Opportunità e reticenze
La pandemia ha riportato al centro dell’attenzione di numerosi ricercatori le modalità di trasmissione dei patogeni, offrendo inoltre una quantità enorme di dati da utilizzare per fare analisi e nuove ricerche. A oltre un anno di distanza sappiamo molte più cose sul coronavirus e su come si diffonda tra la popolazione, e soprattutto sappiamo che le mascherine sono essenziali per ridurre i contagi, soprattutto nei contesti in cui si deve trascorrere del tempo con altre persone al chiuso.

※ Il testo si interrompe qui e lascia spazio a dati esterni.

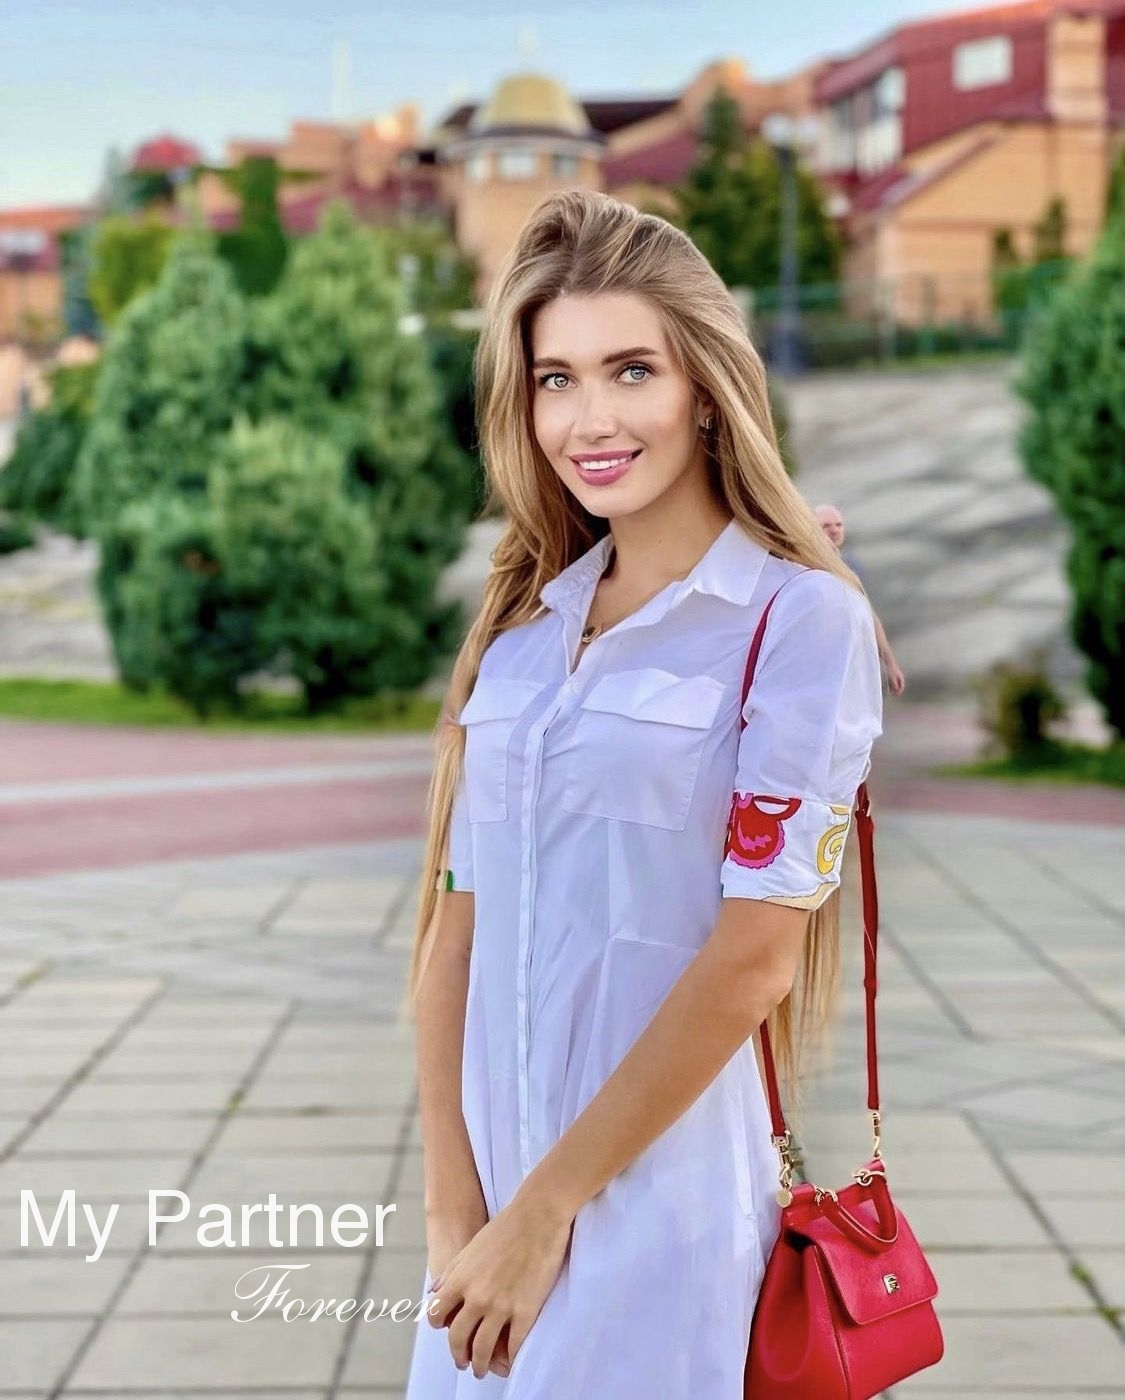 Single Lady from Ukraine - Alena from Kiev, Ukraine

Il 30 aprile queste circostanze sono state riconosciute più esplicitamente anche dall’OMS con un atteso, e per molti tardivo, aggiornamento delle sue linee guida. Ora l’organizzazione dice che il contagio può essere veicolato dagli aerosol e soprattutto che: «Negli ambienti scarsamente ventilati e/o affollati gli aerosol rimangono sospesi nell’aria e viaggiano a oltre un metro di distanza».

Come hanno segnalato Tüfekçi e altri osservatori, le modifiche sono state apportate senza particolari annunci o conferenze stampa, e qualcosa di analogo è avvenuto quando le autorità sanitarie statunitensi e in altri paesi hanno rivisto le indicazioni. Queste reticenze sembrano derivare da una certa difficoltà nell’ammettere che per mesi fu consigliato di fare diversamente, e che passò probabilmente più tempo del dovuto prima di riconoscere alcune sottovalutazioni.

Eppure il processo cui l’intera comunità mondiale ha assistito nell’ultimo anno è tipico del funzionamento della scienza, dove raramente ci sono grandi momenti rivelatori e le scoperte avvengono per gradi, sulla scorta di tutto ciò che era stato scoperto prima. Per quanto poco finanziata e burocratizzata, l’OMS continua a essere l’unico grande punto di riferimento in ambito sanitario, soprattutto per i paesi più poveri che non si possono permettere grandi e costosi centri di ricerca. Al di là dei ritardi, una comunicazione più chiara sulle ultime determinazioni legate alle mascherine potrebbe salvare migliaia di vite, specialmente nelle aree più disagiate del mondo dove i vaccini scarseggiano o non arriveranno ancora a lungo.